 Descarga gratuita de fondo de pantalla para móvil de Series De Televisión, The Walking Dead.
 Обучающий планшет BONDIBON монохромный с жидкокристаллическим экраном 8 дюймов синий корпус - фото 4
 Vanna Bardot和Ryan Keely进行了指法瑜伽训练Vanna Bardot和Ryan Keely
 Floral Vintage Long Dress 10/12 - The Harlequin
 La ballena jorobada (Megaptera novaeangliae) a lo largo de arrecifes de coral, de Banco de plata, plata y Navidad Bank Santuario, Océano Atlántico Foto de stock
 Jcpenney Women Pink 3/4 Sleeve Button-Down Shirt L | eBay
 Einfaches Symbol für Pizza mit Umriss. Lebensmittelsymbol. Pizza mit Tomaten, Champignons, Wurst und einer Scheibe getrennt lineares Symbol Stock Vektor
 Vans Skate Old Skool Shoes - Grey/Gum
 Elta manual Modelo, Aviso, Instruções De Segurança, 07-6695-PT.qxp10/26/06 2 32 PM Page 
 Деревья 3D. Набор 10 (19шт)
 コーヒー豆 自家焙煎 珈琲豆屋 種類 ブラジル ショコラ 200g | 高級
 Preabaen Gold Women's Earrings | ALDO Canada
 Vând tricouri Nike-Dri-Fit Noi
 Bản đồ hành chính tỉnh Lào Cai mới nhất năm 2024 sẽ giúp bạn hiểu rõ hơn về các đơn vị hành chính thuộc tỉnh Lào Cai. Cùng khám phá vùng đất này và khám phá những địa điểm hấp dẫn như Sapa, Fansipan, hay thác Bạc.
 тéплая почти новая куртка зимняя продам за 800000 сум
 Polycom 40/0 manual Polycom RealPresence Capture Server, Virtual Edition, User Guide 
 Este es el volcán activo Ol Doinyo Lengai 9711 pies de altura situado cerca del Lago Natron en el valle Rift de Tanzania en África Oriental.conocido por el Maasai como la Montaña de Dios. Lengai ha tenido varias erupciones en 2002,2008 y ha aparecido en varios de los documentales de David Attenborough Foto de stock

* Activity *
Where a line of the records holds the word "manual", copy that line.

* Output of the exercise *
 Elta manual Modelo, Aviso, Instruções De Segurança, 07-6695-PT.qxp10/26/06 2 32 PM Page 
 Polycom 40/0 manual Polycom RealPresence Capture Server, Virtual Edition, User Guide 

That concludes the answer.